**Task prompt**
What is needed here is an exact printout of the data, with no pictures included.

**Dataset extract**

####################

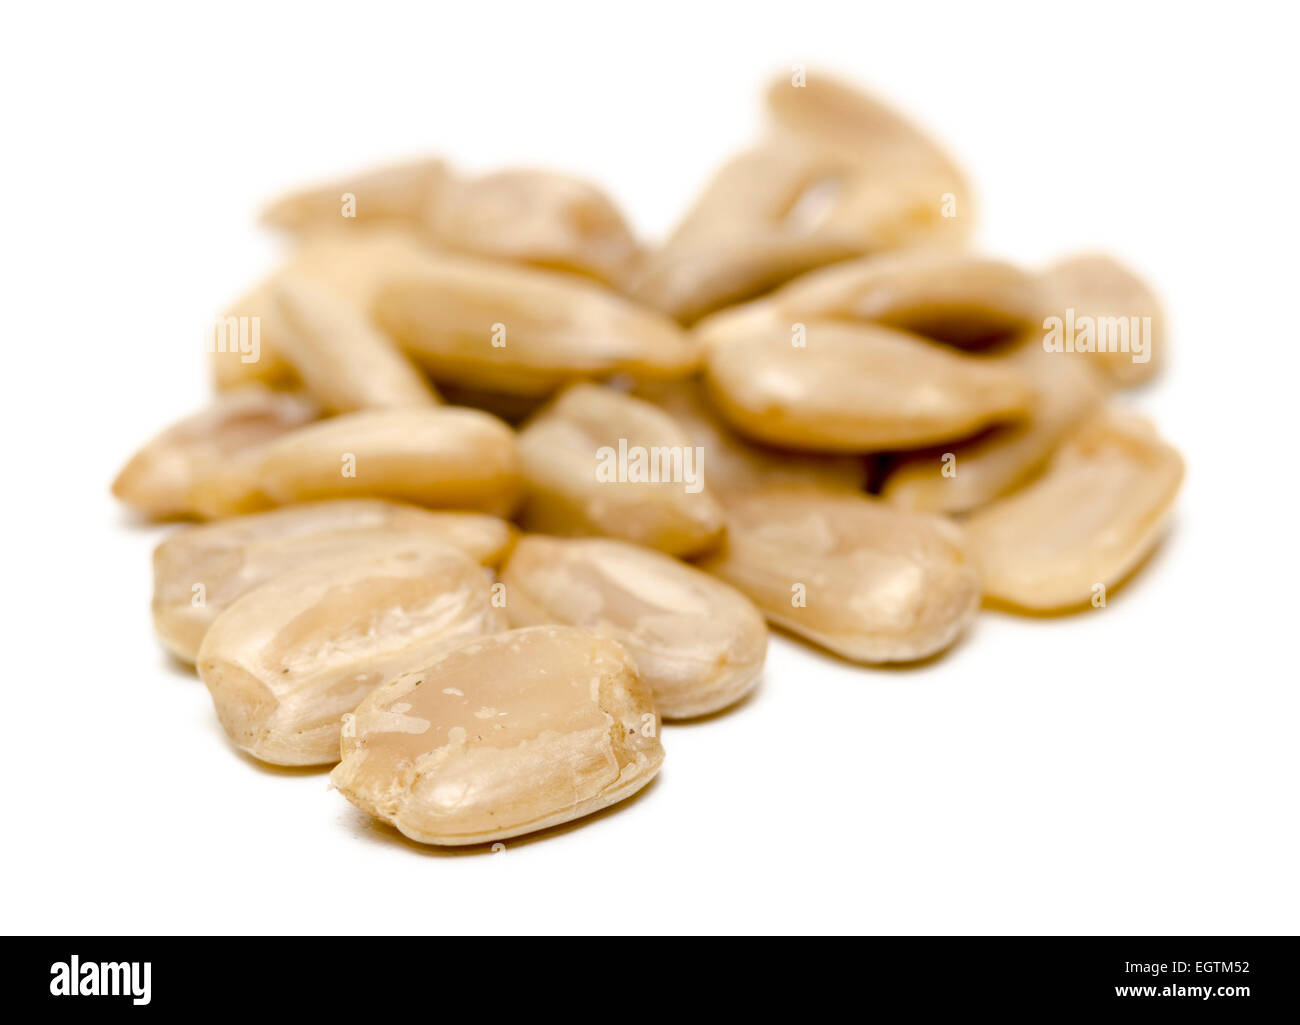 sunflower seeds cut out Stock Photo
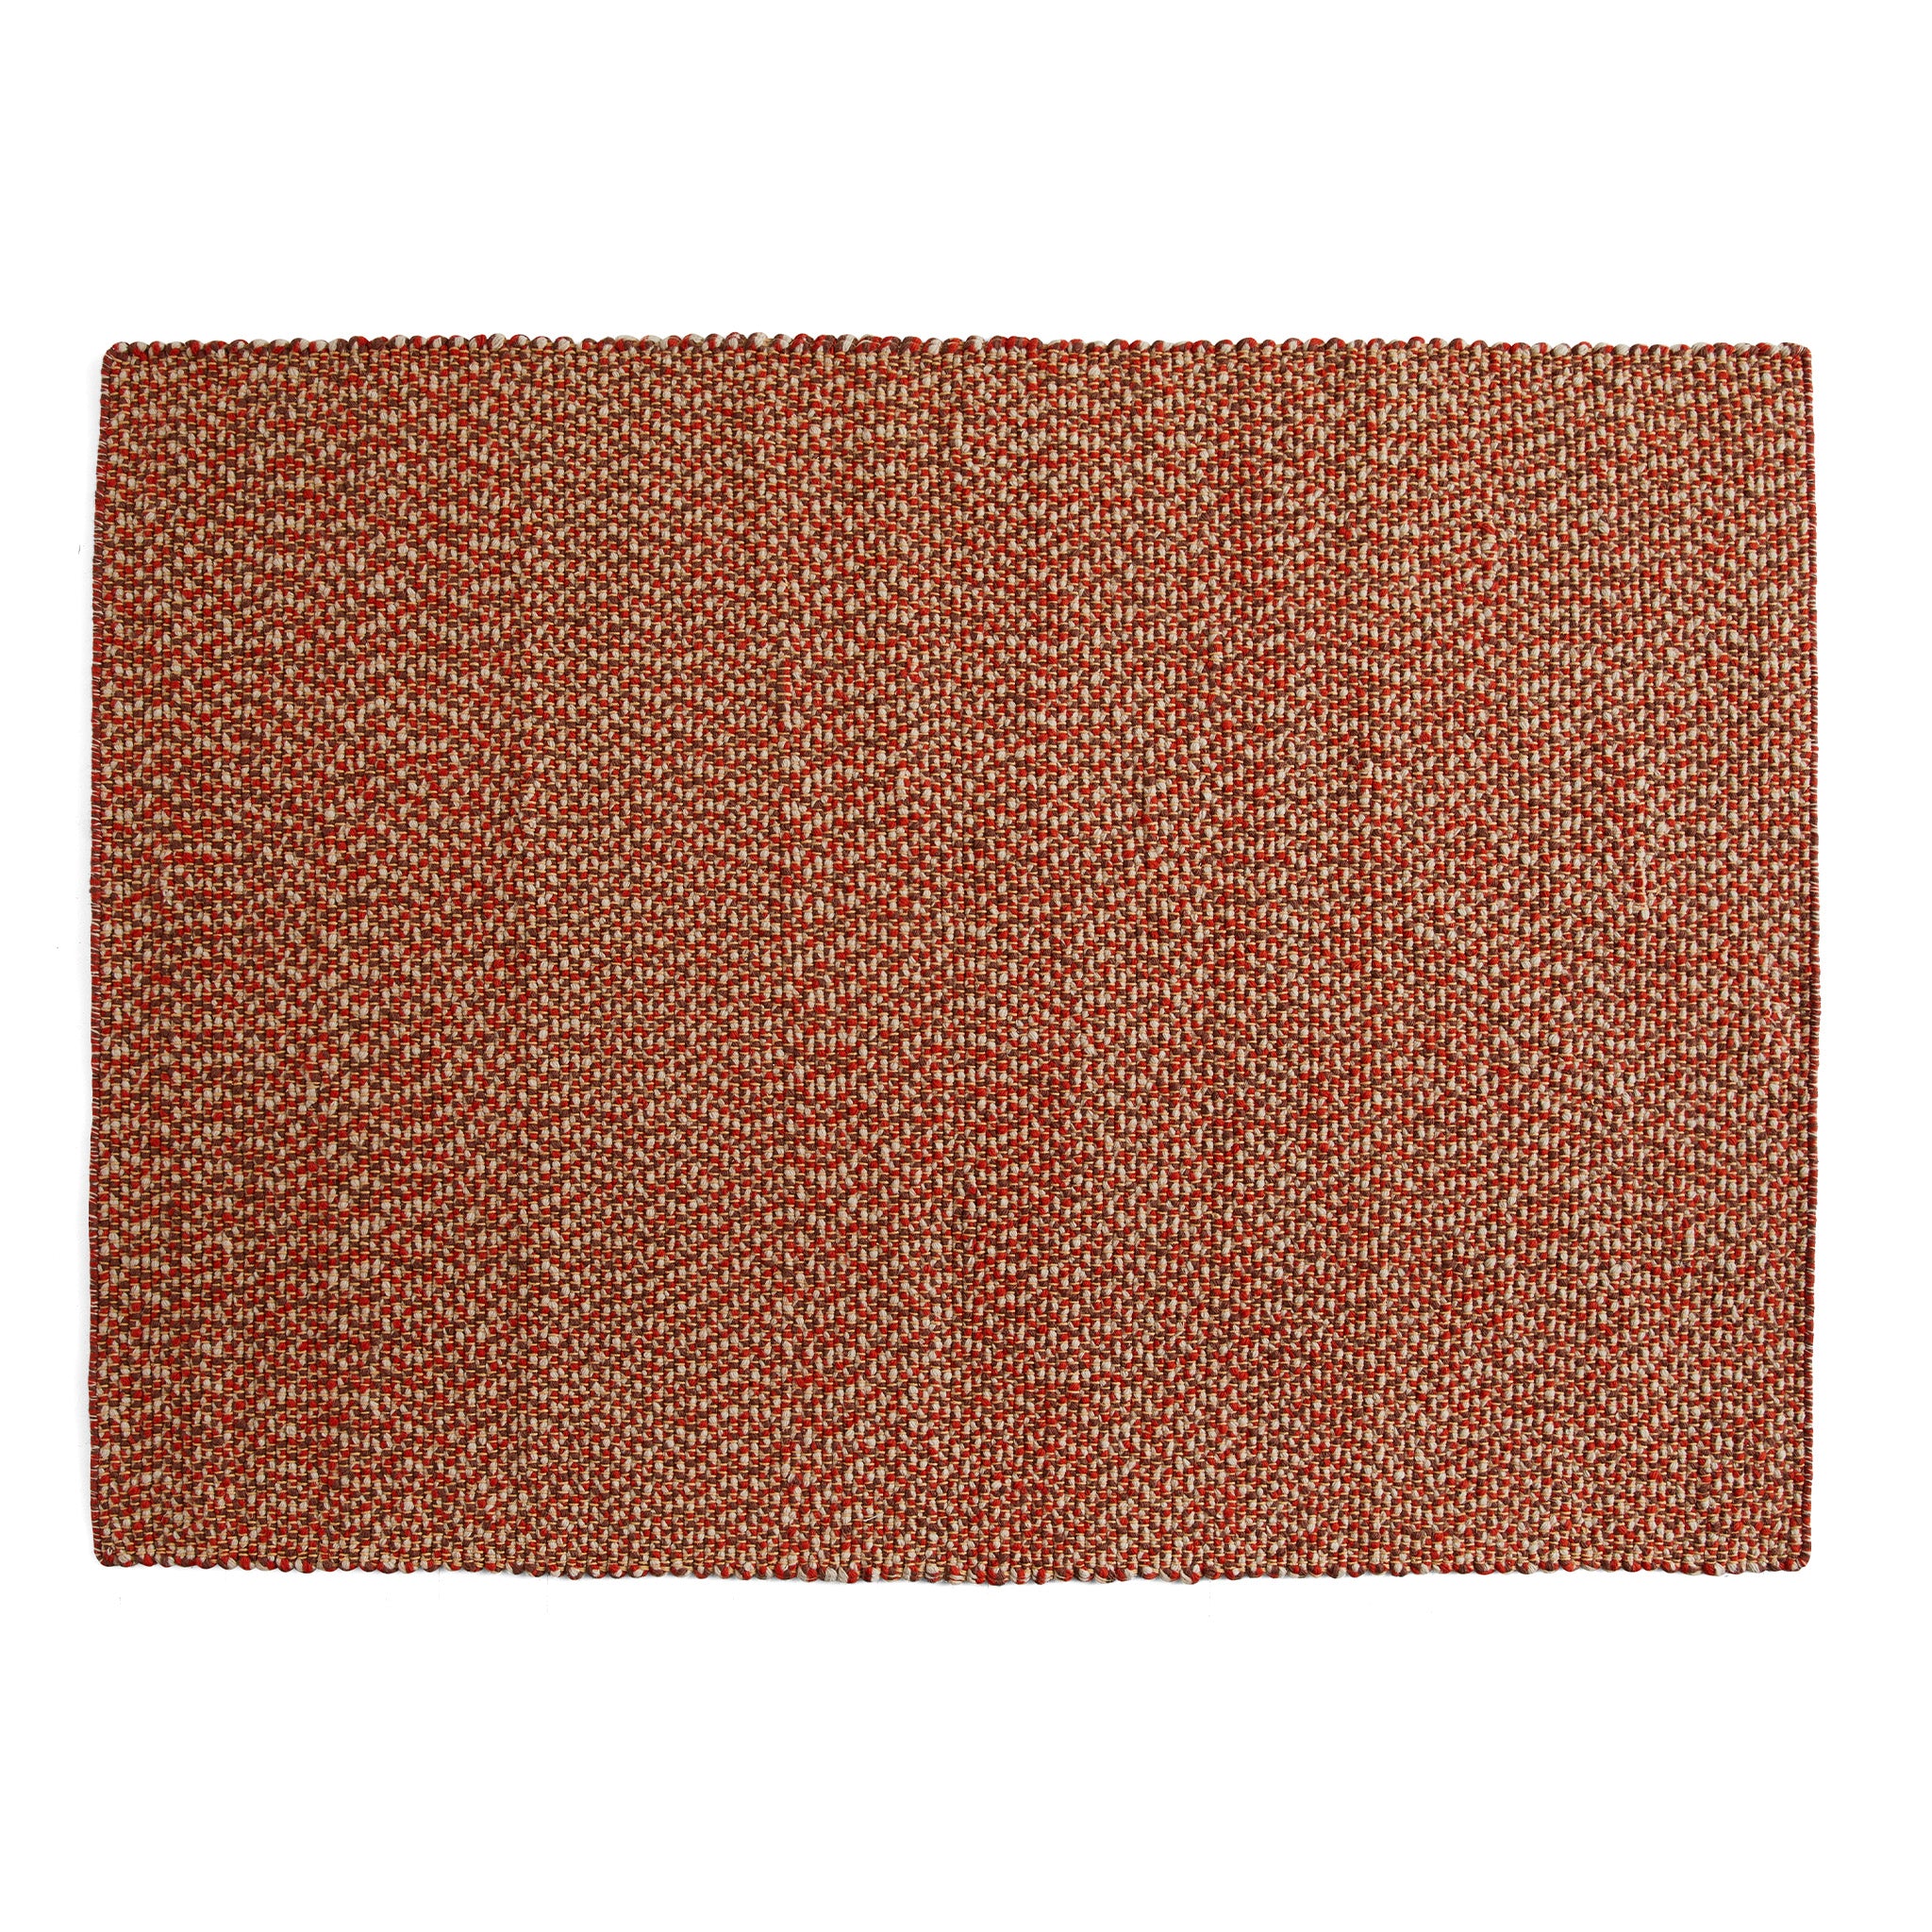 This item is unavailable -   Braided rag rugs, Rugs on carpet
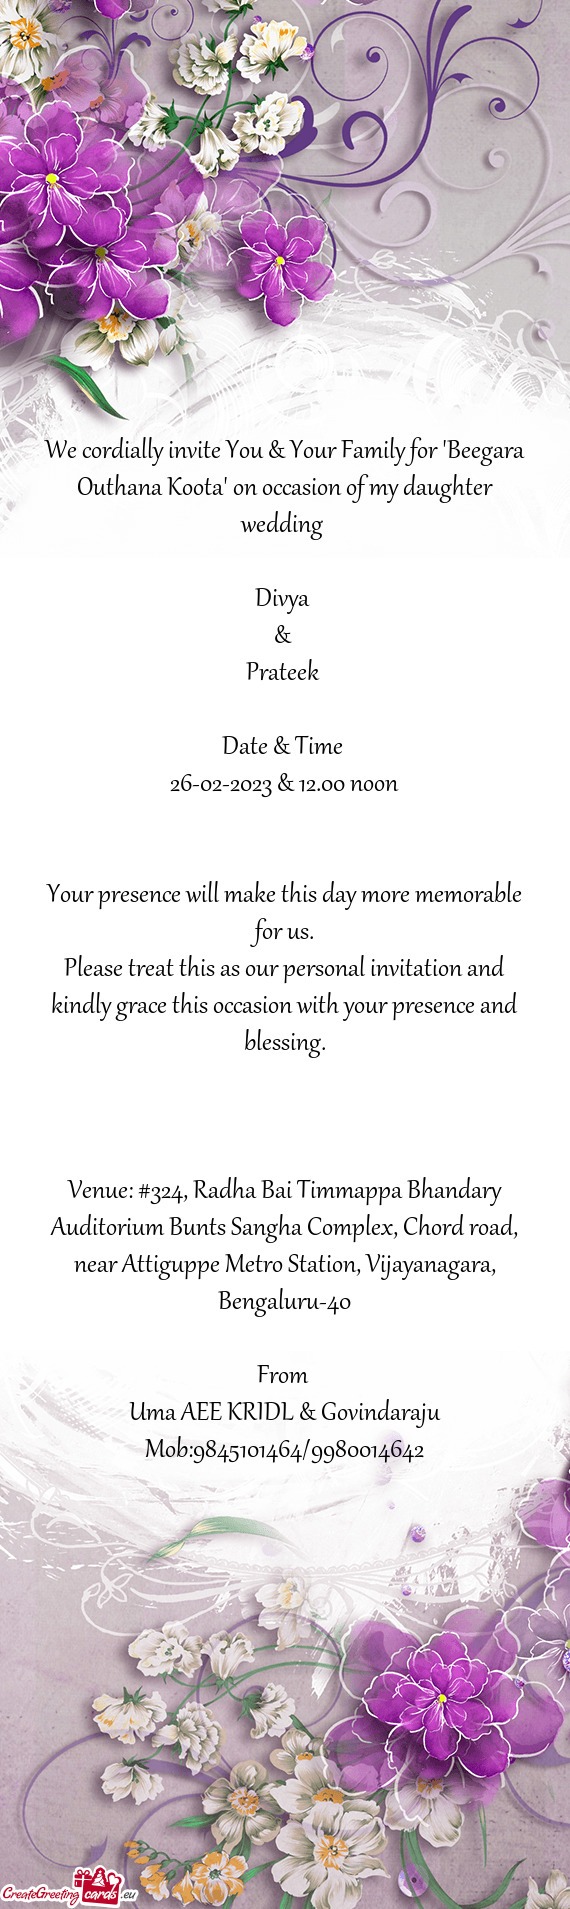 We cordially invite You & Your Family for "Beegara Outhana Koota" on occasion of my daughter wedding

####################

**Finished task**
 sunflower seeds cut out Stock Photo
 This item is unavailable -   Braided rag rugs, Rugs on carpet
 We cordially invite You & Your Family for "Beegara Outhana Koota" on occasion of my daughter wedding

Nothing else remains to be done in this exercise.